Hi,
I'm trying to perform a CNV analysis on 12 BAM files from WES data using cn.mops
package. BAM files were aligned to GChr38, markduplicated and recalibrated following the GATK best practices.
BAMFiles <- grep('84|93|117|134|350|454', list.files(path = 'results/Preprocessing/', pattern = '*.recal.bam$', recursive = T, full.names = T), value = T)
segments <- read.table("data/exons_plus50.bed",sep="\t",as.is=TRUE)
gr <- GRanges(segments[,1],IRanges(segments[,2],segments[,3]))
gr2 <- tidyChromosomes(
gr,
keep.X = T,
keep.Y = T,
keep.M = FALSE,
keep.nonstandard = F,
genome = NULL
)
X <- getSegmentReadCountsFromBAM(BAMFiles,GR=gr2, parallel = 16)
The targets bed file (data/exons_plus50.bed
) contains all the exons plus their flanking 50 bp for the corresponding human genome version.
I had to exclude the M and the non-standard (haplotypes) chromosomes because the getSegmentReadCountsFromBAM
function raises an error otherwise.
So far it ran as expected, without errors.
However, when running exomecn.mops
function, it prompts the following:
resCNMOPS <- exomecn.mops(X, parallel = 16)
Normalizing...
Starting local modeling, please be patient...
Reference sequence: chr1
Reference sequence: chr2
Reference sequence: chr3
Reference sequence: chr4
Reference sequence: chr5
Reference sequence: chr6
Reference sequence: chr7
Reference sequence: chr8
Reference sequence: chr9
Reference sequence: chrX
Reference sequence: chrY
Reference sequence: chr10
Reference sequence: chr11
Reference sequence: chr12
Reference sequence: chr13
Reference sequence: chr14
Reference sequence: chr15
Reference sequence: chr16
Reference sequence: chr17
Reference sequence: chr18
Reference sequence: chr19
Reference sequence: chr20
Reference sequence: chr21
Reference sequence: chr22
Starting segmentation algorithm...
Using "fastseg" for segmentation.
Error in .width_as_unnamed_integer(width, msg = "an end that is greater or equal to its start minus one") :
each range must have an end that is greater or equal to its start minus one
Setting the algorithm to DNACopy
gives the same error.
I've tried with the lifted over (GRCh37 -> GRCh38) version of the baits BED file provided by the vendor (the original one has the hg19 version) for the corresponding kit (here) instead of the targets file (containing all exons), but the error persists.
I appreciate any clue about this issue.
sessionInfo()
R version 4.1.0 (2021-05-18)
Platform: x86_64-pc-linux-gnu (64-bit)
Running under: Ubuntu 20.04.4 LTS
Matrix products: default
BLAS: /usr/lib/x86_64-linux-gnu/openblas-pthread/libblas.so.3
LAPACK: /usr/lib/x86_64-linux-gnu/openblas-pthread/liblapack.so.3
locale:
[1] LC_CTYPE=en_US.UTF-8 LC_NUMERIC=C LC_TIME=en_US.UTF-8
[4] LC_COLLATE=en_US.UTF-8 LC_MONETARY=en_US.UTF-8 LC_MESSAGES=en_US.UTF-8
[7] LC_PAPER=en_US.UTF-8 LC_NAME=C LC_ADDRESS=C
[10] LC_TELEPHONE=C LC_MEASUREMENT=en_US.UTF-8 LC_IDENTIFICATION=C
attached base packages:
[1] stats4 parallel stats graphics grDevices utils datasets methods base
other attached packages:
[1] BRGenomics_1.6.0 rtracklayer_1.54.0 cn.mops_1.40.0 GenomicRanges_1.46.1
[5] GenomeInfoDb_1.30.1 IRanges_2.28.0 S4Vectors_0.32.4 BiocGenerics_0.40.0
Sorry for the delay.
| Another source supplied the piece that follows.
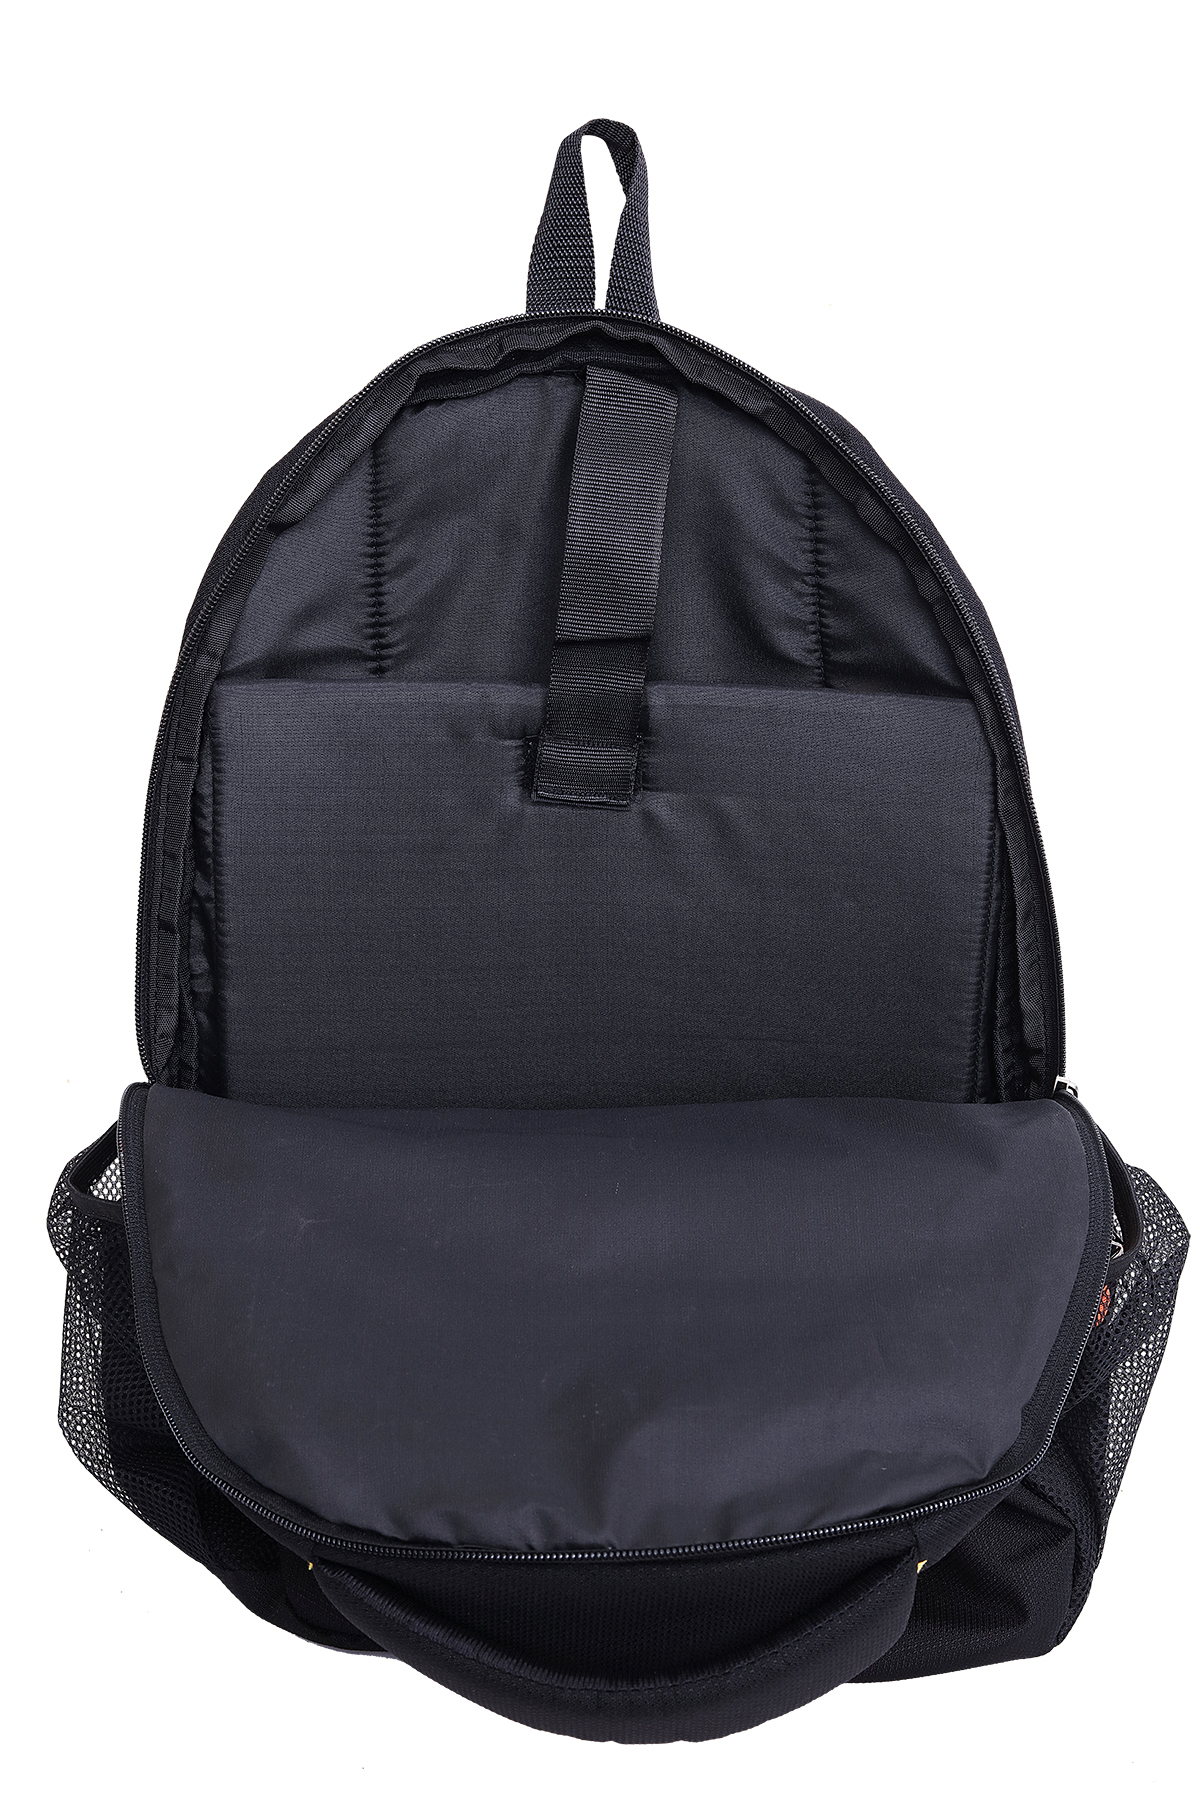 Hard Craft Unisex's Backpack 15inch Laptop Backpack Lightweight (Red-Black)

Based on the error message, it looks like at least one of your end coordinates is lower than the corresponding start position. The Truseq bed file I downloaded from the link you provided, does not have this issue, but maybe it is introduced in the liftover step. Can you share the actual bed file you used?
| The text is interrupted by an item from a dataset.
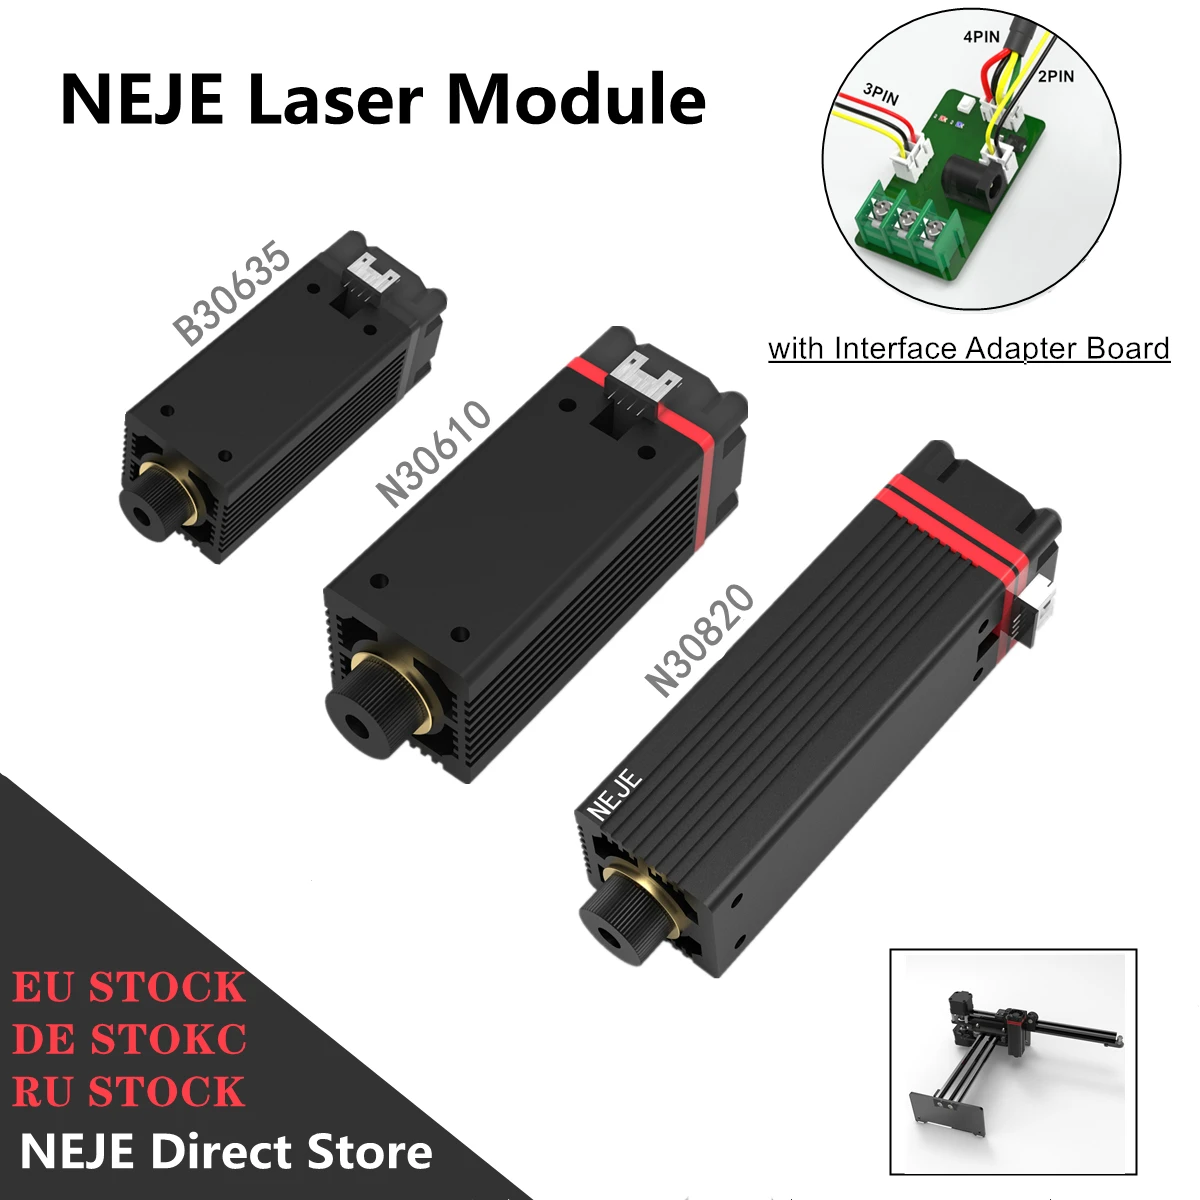 NEJE 20W/10W N30820/N30610 Laser Module Kit for 445-450nm CNC Laser Engraving Wood Machine With TTL Modulation for DIY Creation

Sure, you can download for the next week on this link: https://we.tl/t-xFqjQLfzKl
While there is interval in your bed file with higher start compared to end, some of the intervals are really small (5-10 bp). I would suggest you remove those and try again since read counting will not work well anyway for such small intervals. For a first test I would filter out all with a width of less than 100bp, you can try adding some of them back later if it works.